Strengthening Shareholder Oversight: Insights from Corporate Governance Changes in Japan

Shareholders play a vital role in corporate governance by casting votes on crucial decisions within the companies they invest in. To enhance transparency and accountability, regulatory entities worldwide, including government bodies and stock exchanges, are progressively enacting guidelines to ensure institutional investors are accountable for their voting actions and fulfil their fiduciary responsibilities effectively.

A significant study published in the ‘Corporate Governance: An International Review’ on 22 January 2025 highlights that even non-binding regulations can spur institutional investors to adopt a more proactive stance, thereby enhancing corporate governance standards. The research, led by Professor Toru Yoshikawa from Waseda University and Associate Professor Daisuke Uchida from Keio University, focused on the responses of institutional investors to the 2017 amendments made to Japan’s Stewardship Code, which now mandates the disclosure of their voting records.

Professor Yoshikawa pointed out that the amendment aimed at disclosing voting records has motivated institutional investors to take a more engaged role in the corporate governance of the companies they invest in. “We were particularly interested in observing how institutional investors, key players in corporate governance, reacted to this amendment, especially analysing the variances between domestic investors, who traditionally played a more passive role, and foreign investors, who are typically more active,” he explained.

The researchers scrutinised the voting on 7,887 proposals involving 5,051 directors across 495 TOPIX 500 companies and the top 500 firms listed on the Tokyo Stock Exchange. Typically, director candidates are endorsed by the company’s board, and traditionally, domestic Japanese institutional investors often supported these candidates to maintain amicable relations with the companies. However, post-amendment, there was a marked increase in shareholder dissent during director elections.

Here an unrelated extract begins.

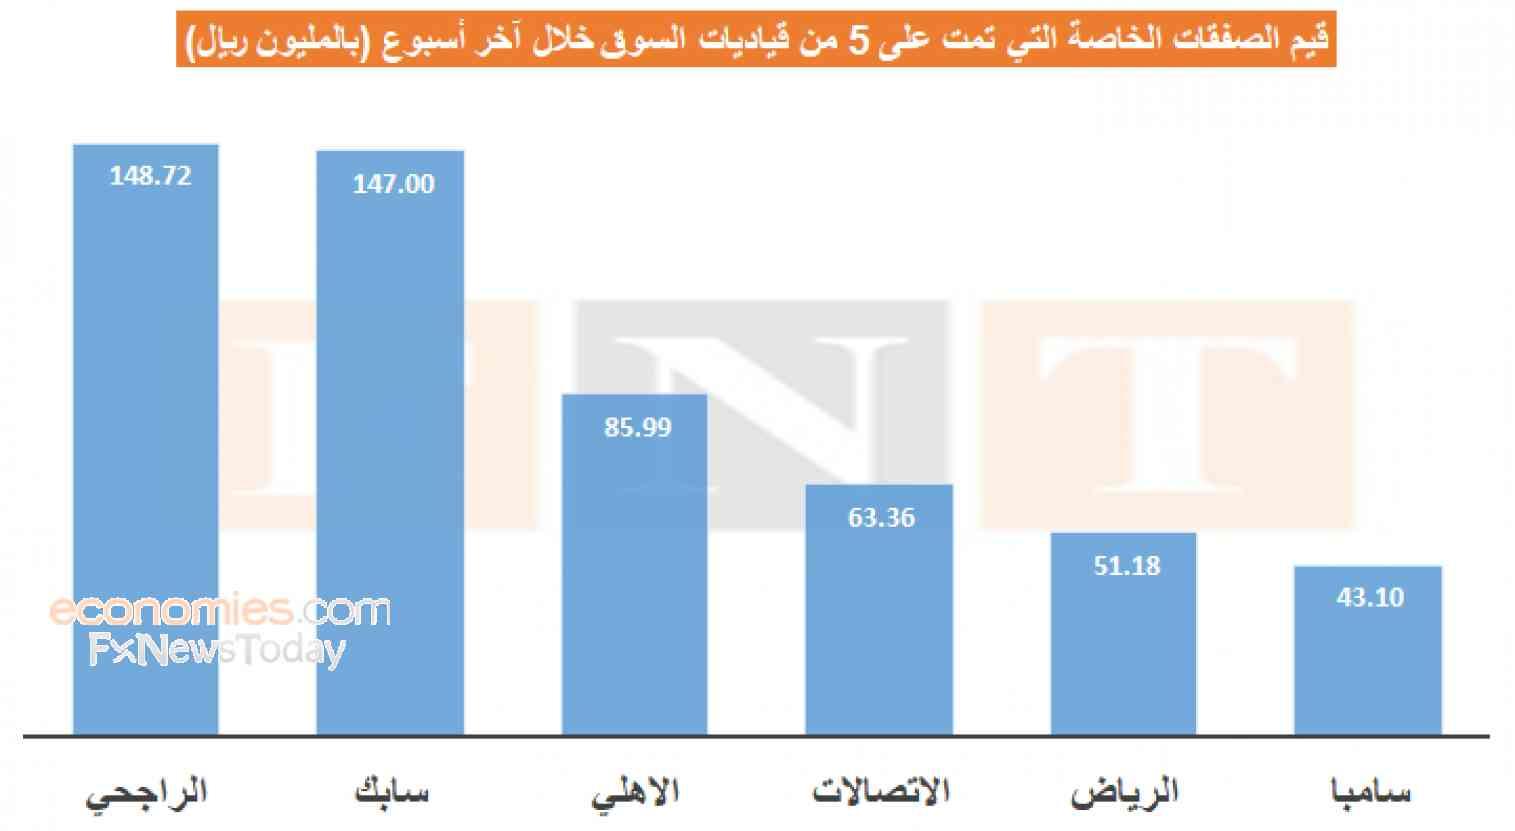 مستثمرو السوق السعودي ينهون أسبوعهم مستهدفين القياديات بصفقات خاصة

This change was particularly pronounced in companies with substantial domestic institutional ownership. In contrast, firms with a higher proportion of foreign institutional investors exhibited little or no change in their voting patterns. Furthermore, the opposition to board-endorsed directors was most intense when the directors were perceived as underperforming or unqualified. “Previous research indicates that foreign investors often have different goals than domestic investors and place more emphasis on the corporate governance of the firms they invest in. However, our findings reveal that domestic investors responded more strongly to the regulatory change concerning the disclosure of voting records than their foreign counterparts, increasingly casting dissenting votes against director candidates at general shareholders’ meetings,” Professor Yoshikawa noted.

The study elaborates that domestic institutional investors, such as local banks, trust banks, and insurance companies, are more likely to adhere to local regulations owing to their dependence on local regulatory authorities for legitimacy. In contrast, foreign institutional investors generally conform to international standards and are less influenced by domestic laws. “Our theory and findings illustrate that domestic institutional investors tend to diverge from their foreign counterparts in response to regulatory cues due to their varying levels of reliance on the legitimacy granted by regulatory bodies, although they are all classified under the umbrella of institutional investors. This indicates that shareholder preferences are diverse and subject to change over time,” Professor Yoshikawa added.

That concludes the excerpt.